Macdougall I C, Isles C G, Stewart H, Inglis G C, Finlayson J, Thomson I, Lees K R, McMillan N C, Morley P, Ball S G
Department of Biochemistry, Western Infirmary, Glasgow, Scotland.
Am J Med. 1988 Jun;84(6):993-1000. doi: 10.1016/0002-9343(88)90303-8.
In a prospective study designed to differentiate pheochromocytoma from other forms of hypertension, urinary catecholamines were measured after sleep and clonidine administration in 12 patients with pheochromocytoma, 19 hypertensive patients in whom pheochromocytoma was suspected but later excluded, and 31 hypertensive patients in whom pheochromocytoma was never suspected. The test correctly identified all 12 patients in whom pheochromocytoma was present. Four of these had equivocal plasma levels of both norepinephrine and epinephrine, suggesting that overnight clonidine suppression may be of particular value when tumor secretion is intermittent or low.
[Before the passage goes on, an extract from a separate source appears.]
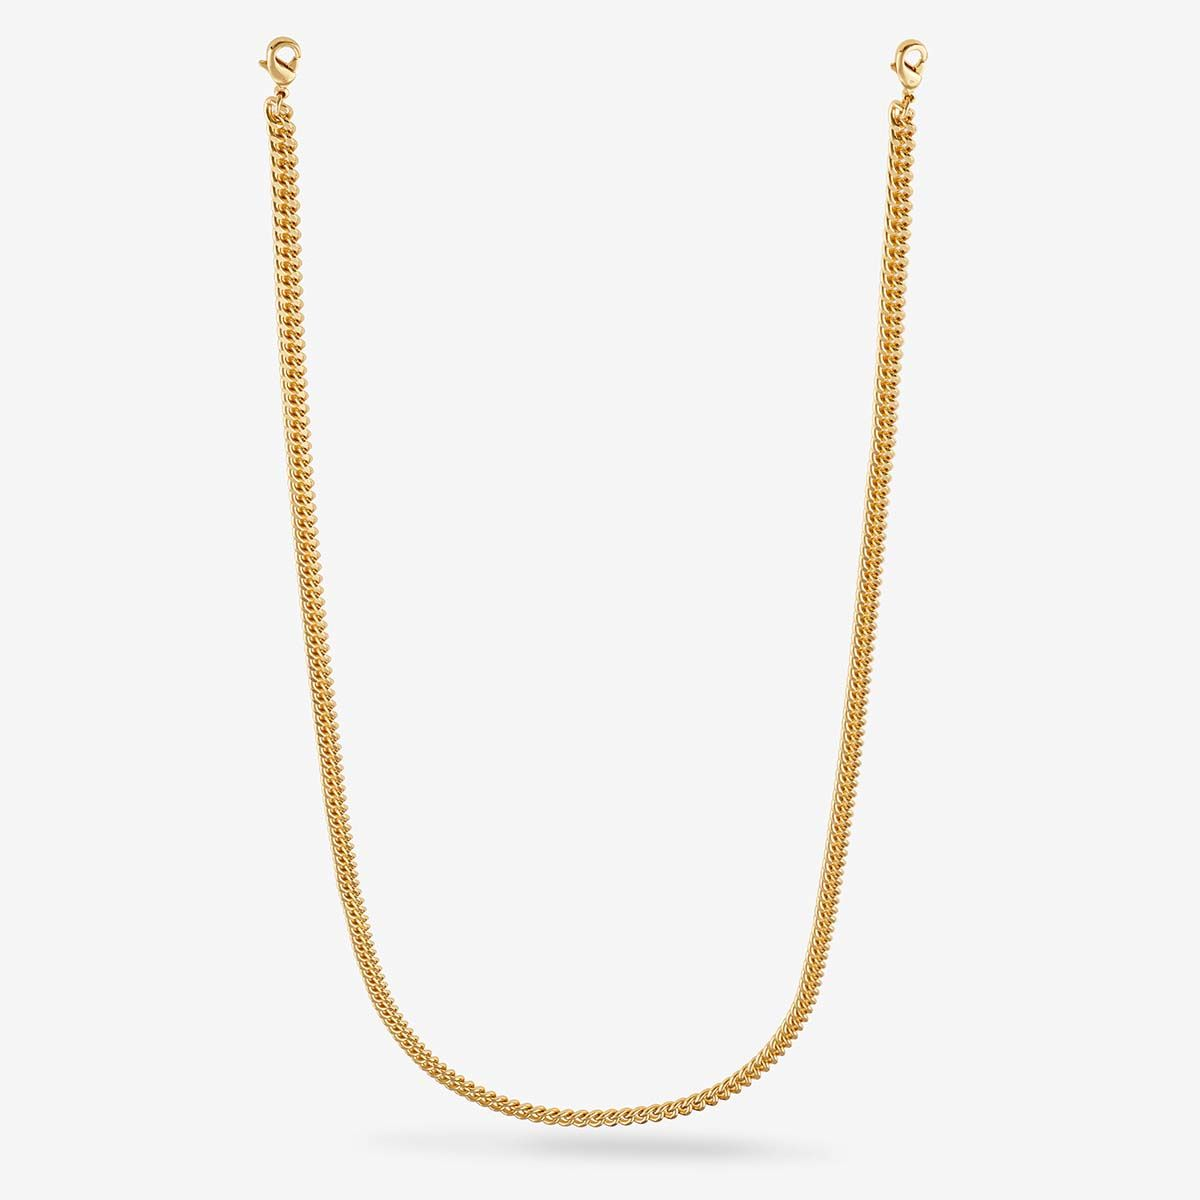 Luisa - Halsketten - 18k vergoldet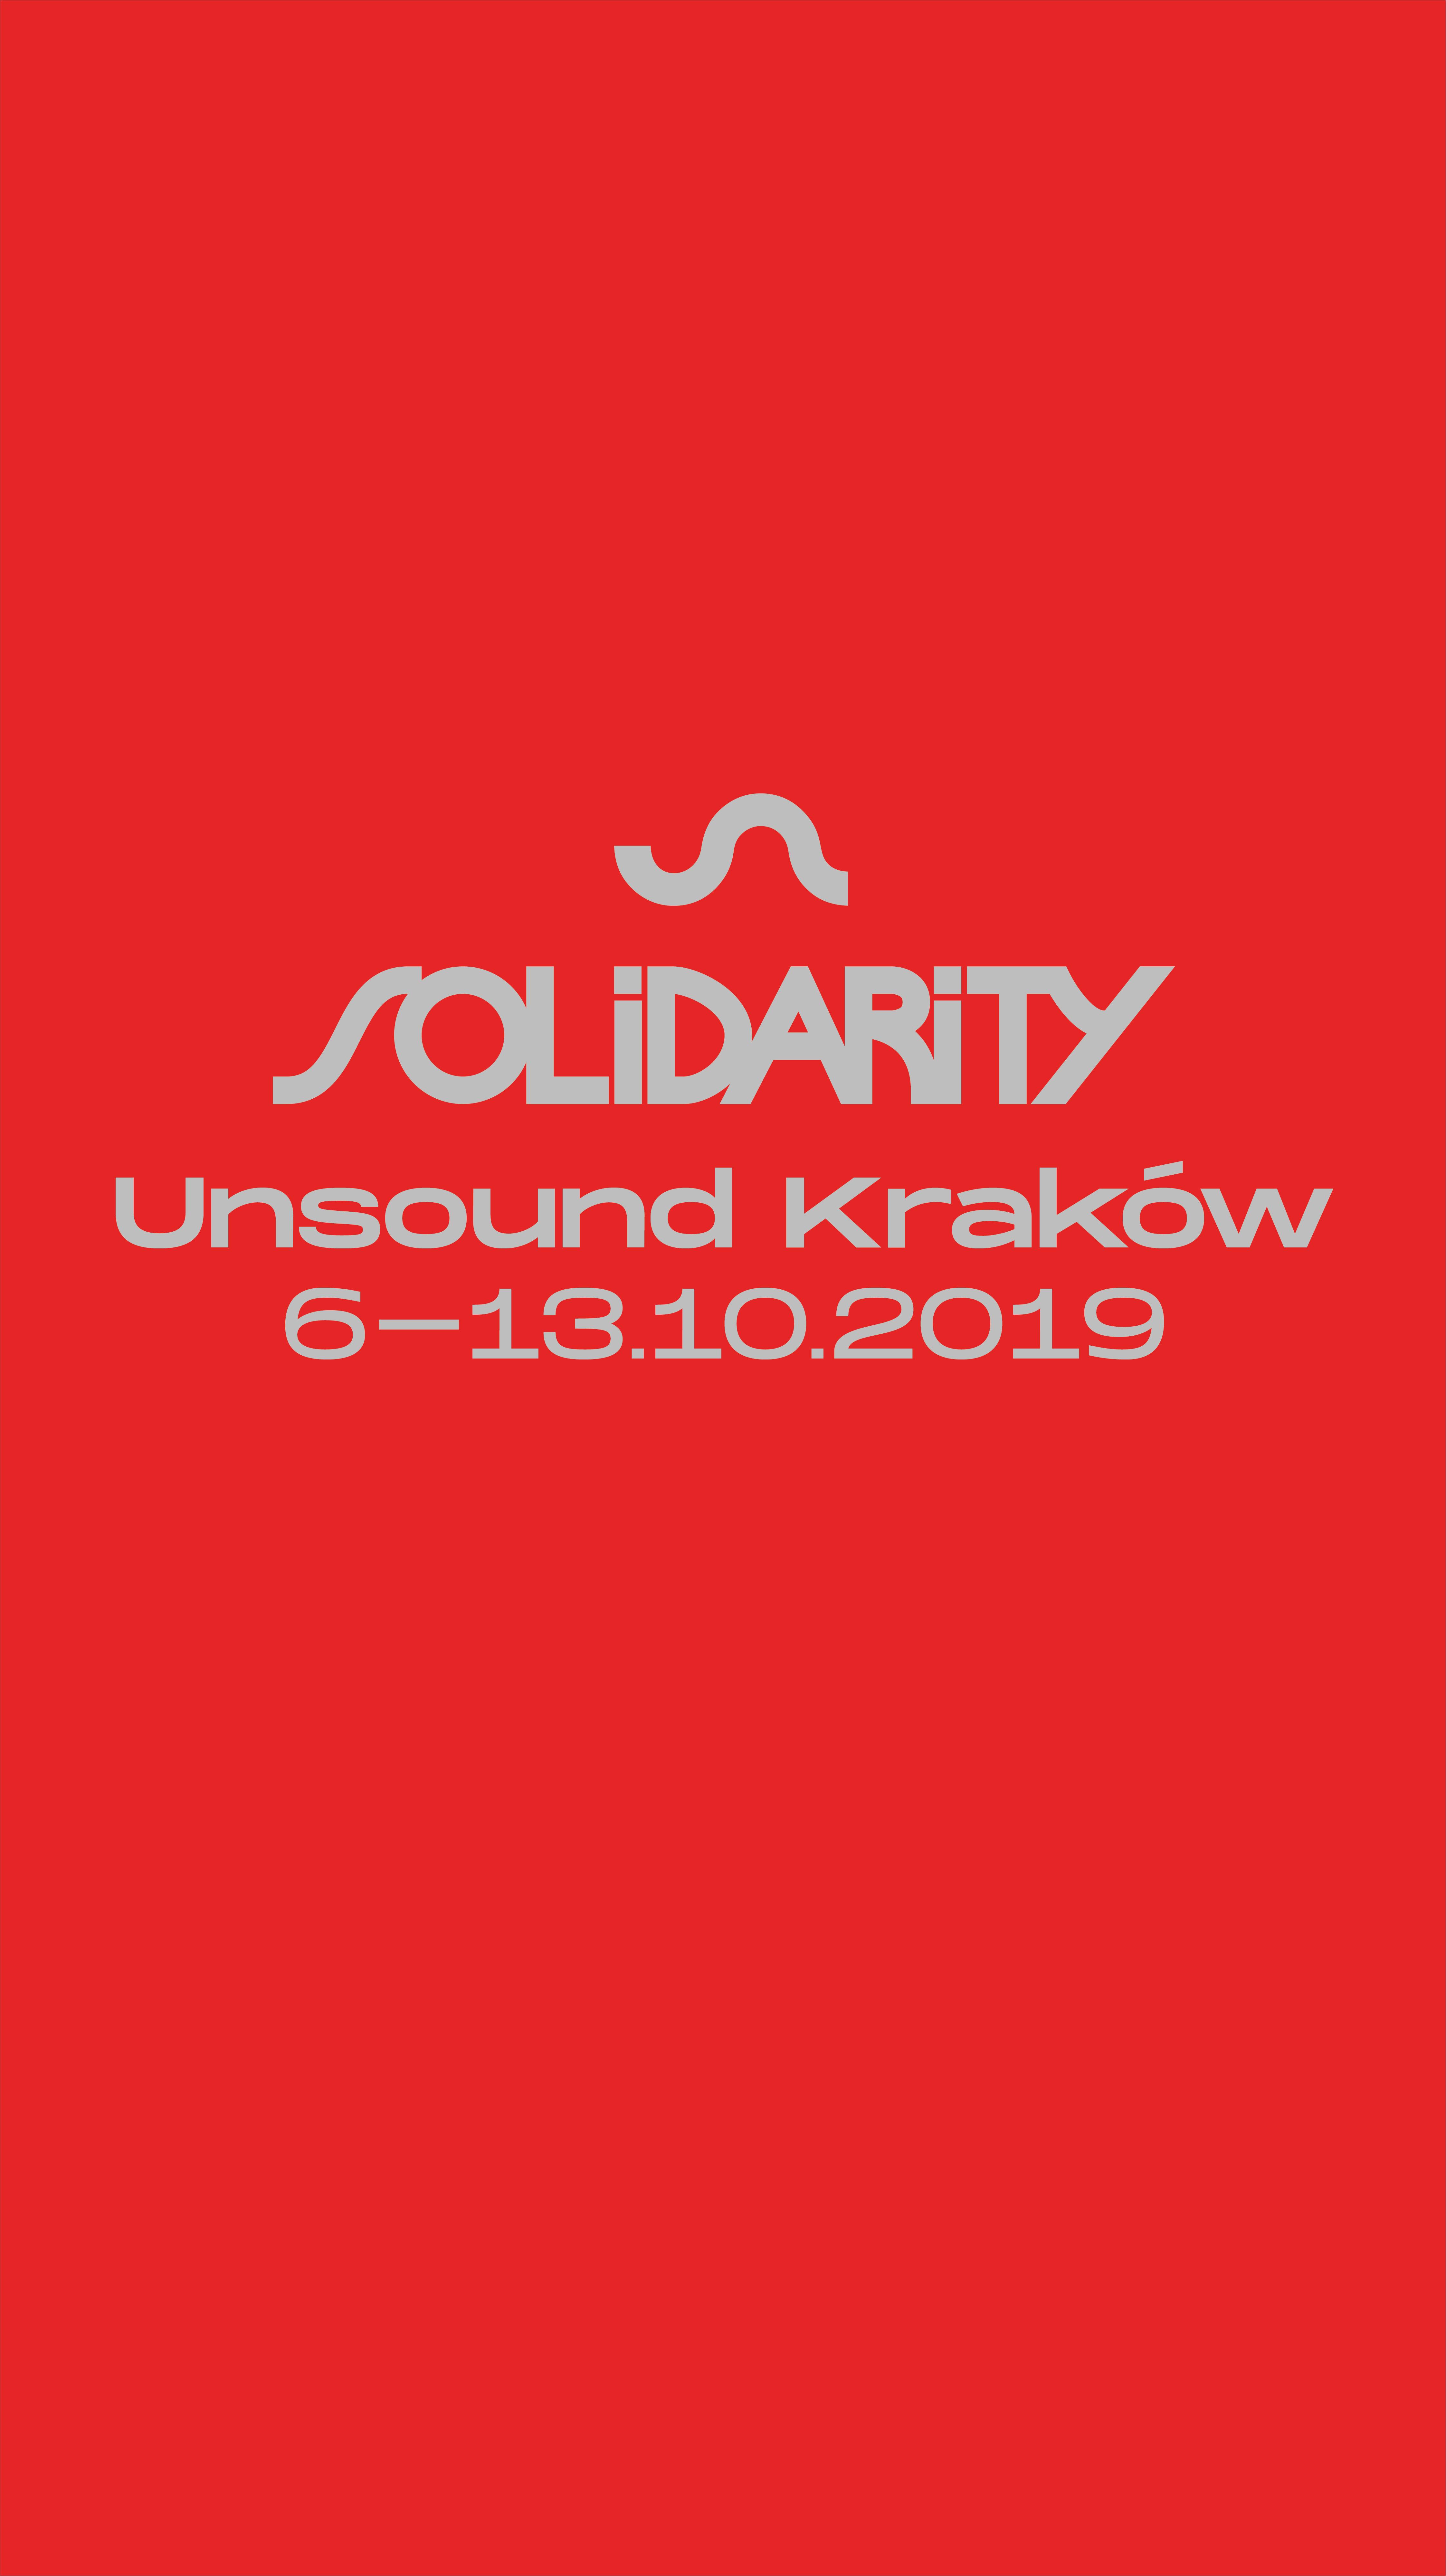 Unsound Kraków 2019: Solidarity

When pheochromocytoma was not present, urinary norepinephrine and epinephrine levels were suppressed below 60 and 20 nmol/mmol creatinine, respectively, after sleep and clonidine, the two in combination giving better suppression than sleep alone. Since urinary catecholamines can be determined relatively easily by high-pressure liquid chromatography with electrochemical detection, this test may be more widely applicable than suppression tests based on plasma measurements.